Chinese Government Forcing Online Gamers to Use Real Names | Gam

According to brief report in People’s Daily Online, China’s notoriously Internet-repressive government will begin requiring online gamers to register using their real names.

LiveJournal Break Ins

This is good advice for any type of online account where people use Hotmail.
—AL

Keeping Your Journal Safe
Recently some journals and communities have been broken into, their contents deleted, and their owners locked out. We want to explain how this can happen and give you some steps you can take to help prevent this from happening to your journal or community.

First of all, we would like to dispel the rumor that these break-ins have something to do with the accounts that have recently been friending large numbers of users (sometimes called friending bots). We do not believe these are related. The problem appears to stem from Hotmail’s policy of recycling inactive email addresses.

The recent break-ins resulted from hijackers finding and accessing lapsed Hotmail accounts that were used with LiveJournal accounts and publicly displayed on Profile pages in the past. You should be aware that Hotmail recycles email addresses that haven’t been used in more than a year. If you validated a Hotmail address for your journal and displayed it publicly in the past, but then let the address lapse, someone who finds and re-registers that address can use it to obtain control of the journal.

Next major search breakthrough

Stephen Wolfram has a track record of scientific breakthroughs and some controversy. He received his Ph.D. in theoretical physics from Caltech in 1979 when he was 20 and has focused most of his career on probing complex systems. In 1988 he launched Mathematica, powerful computational software that has become the gold standard in its field.

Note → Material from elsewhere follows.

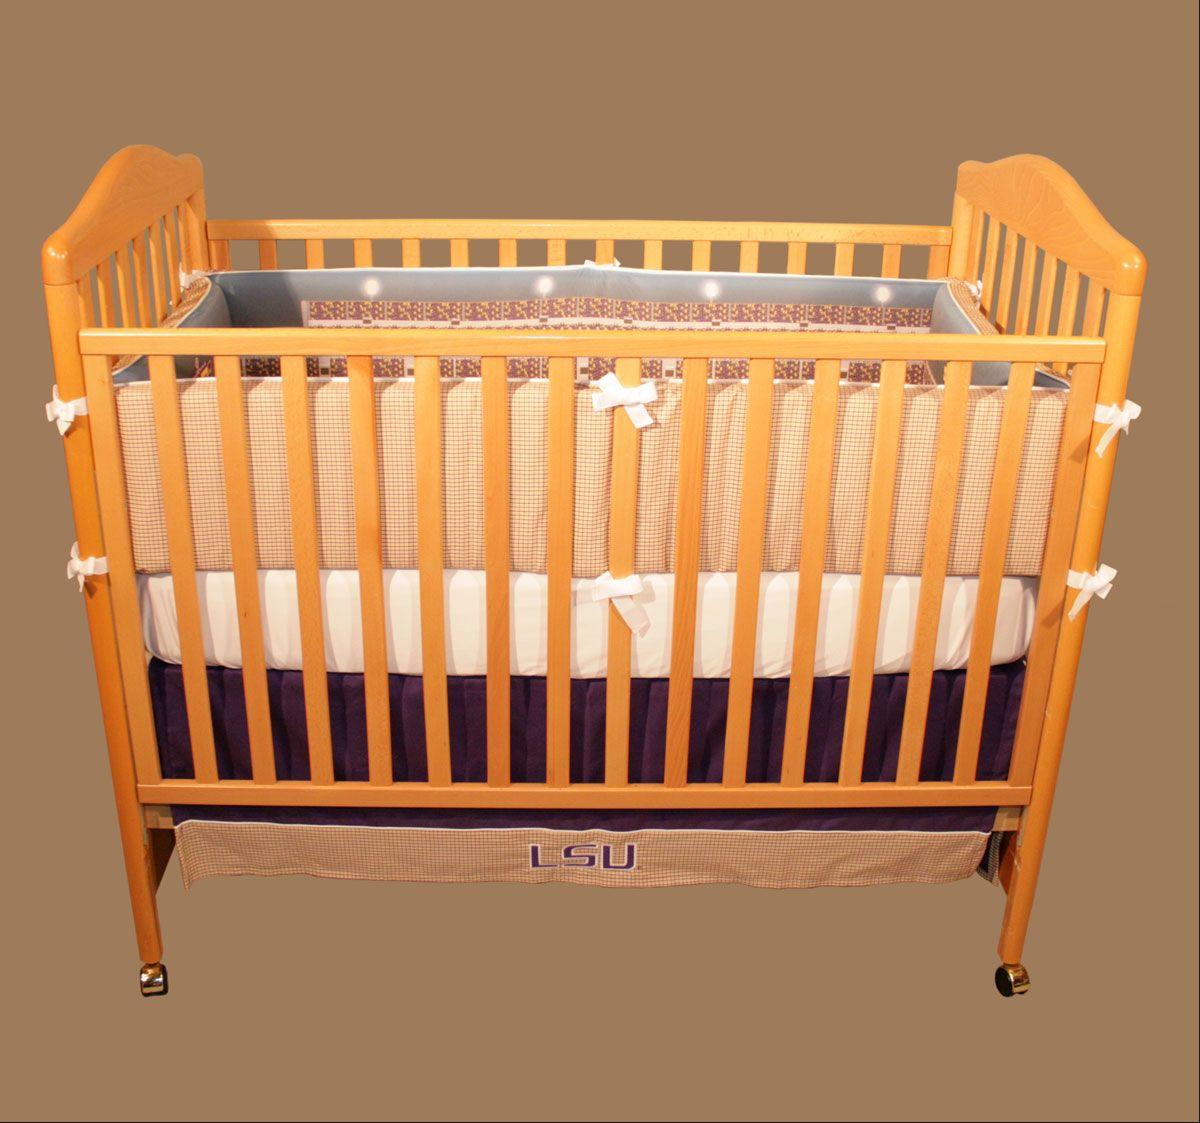 lsu stadium crib bedding set | random | pinterest | baby baby
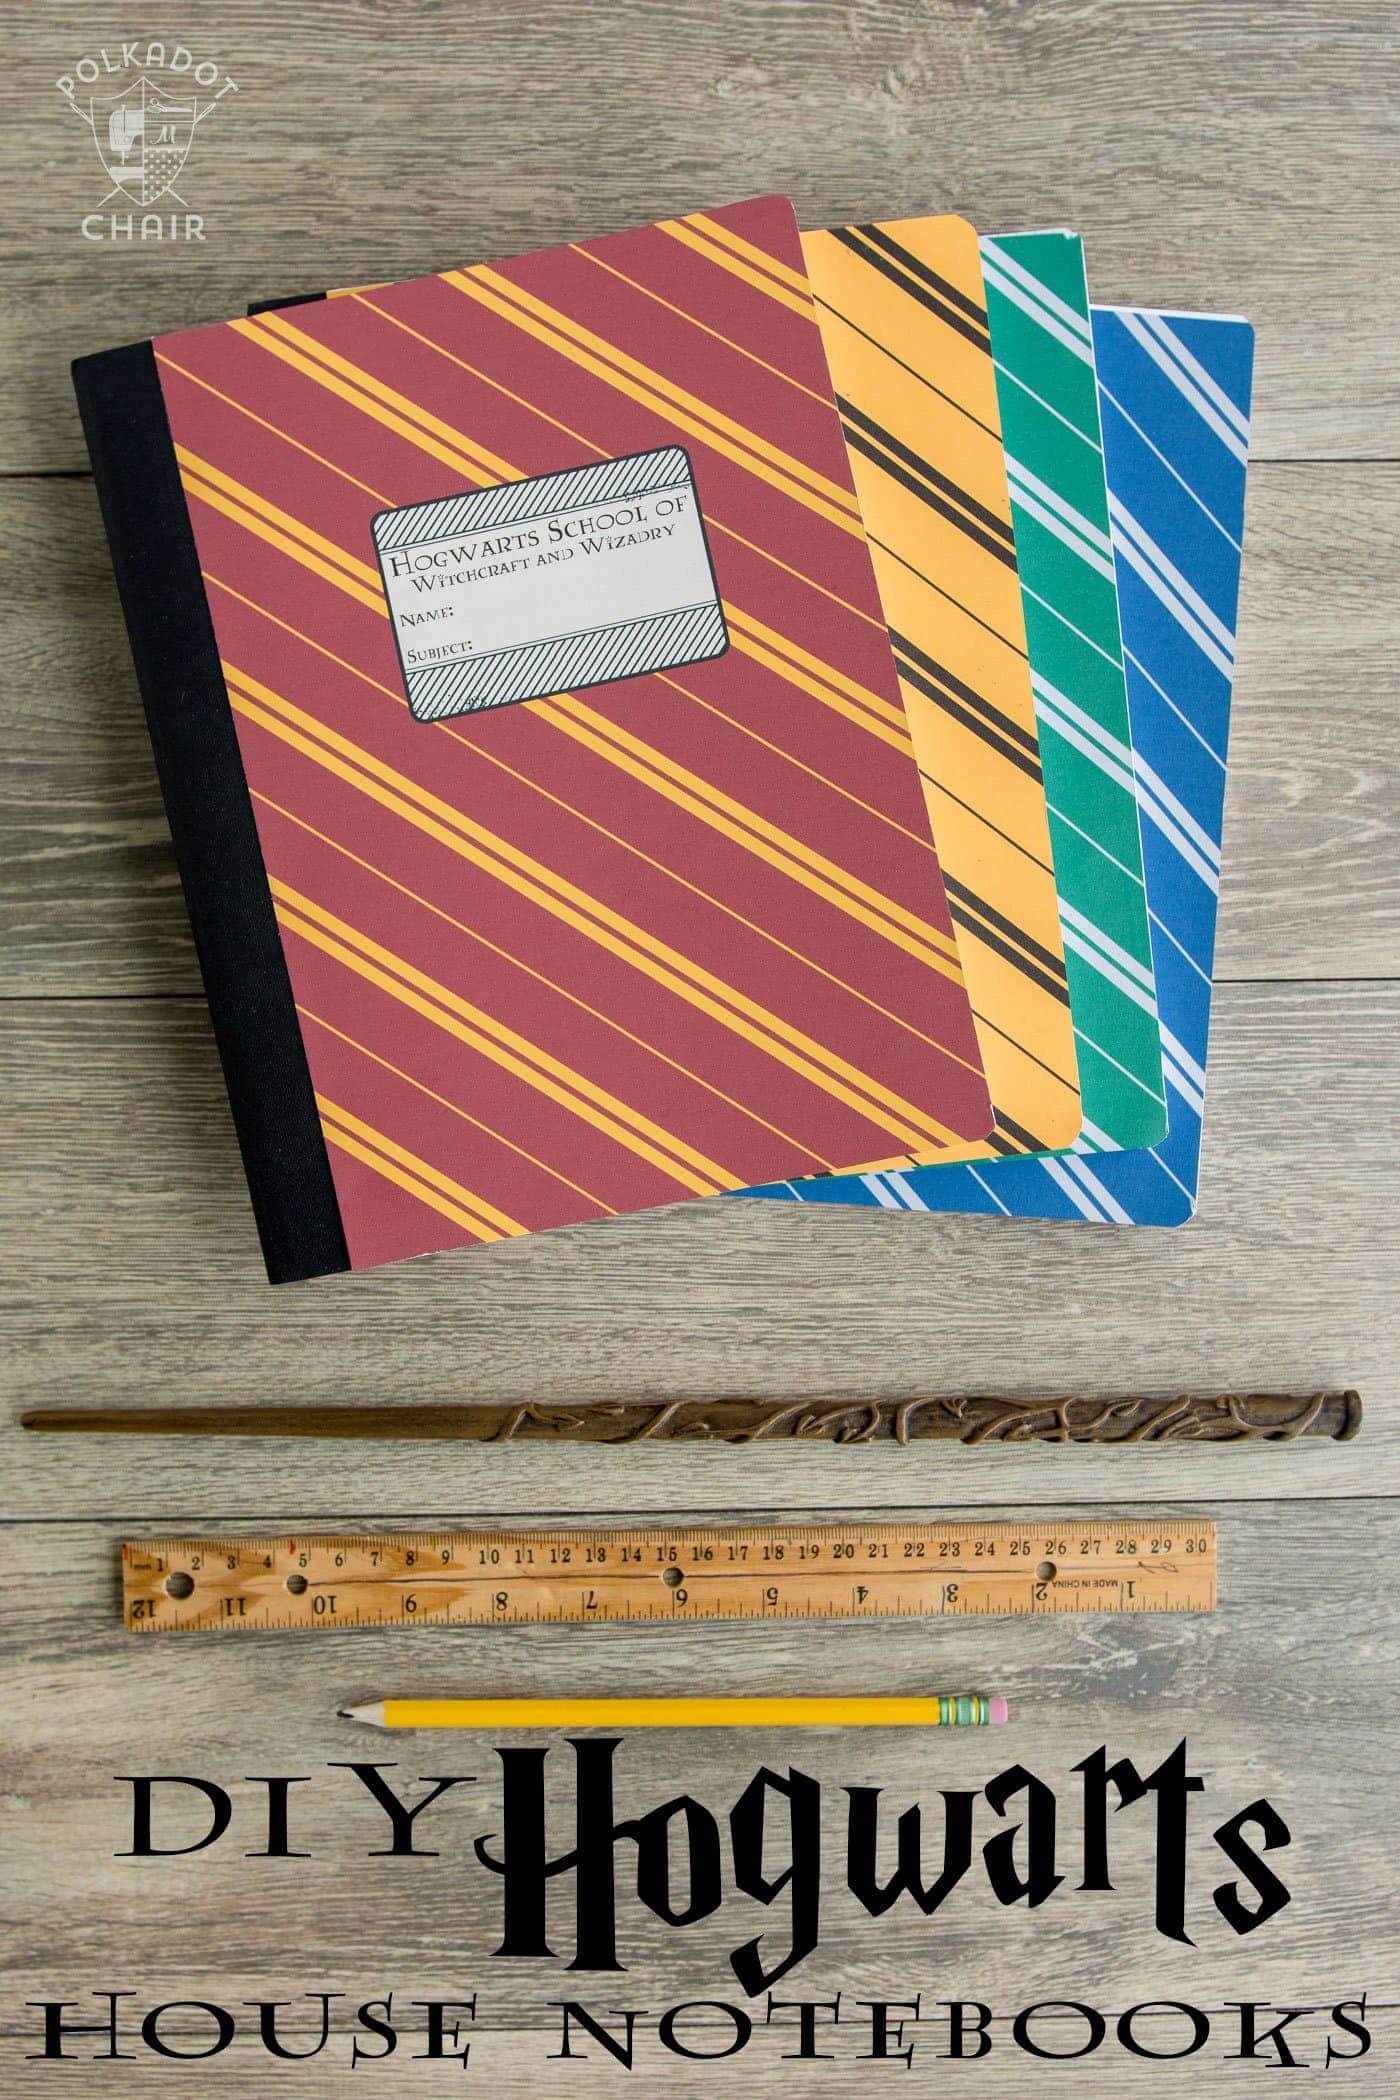 Book Cover Craft Room : Diy hogwarts inspired house notebooks harry potter craft

In May, Wolfram will unveil his latest creation, now called Wolfram Alpha. It applies his work with Mathematica and NKS (A New Kind of Science) to Web search. “All one needs to be able to do is to take questions people ask in natural language, and represent them in a precise form that fits into the computations one can do,”

National Pi Day?

Congress passed the legislation Wednesday. It’s official! Counting down to 3/14 1:59pm (3.14159).

American Adults Flunk Basic Science

This recent survey suggests that we still have a long way to go, unfortunately. Most do not know how long it takes for the Earth to go around the sun?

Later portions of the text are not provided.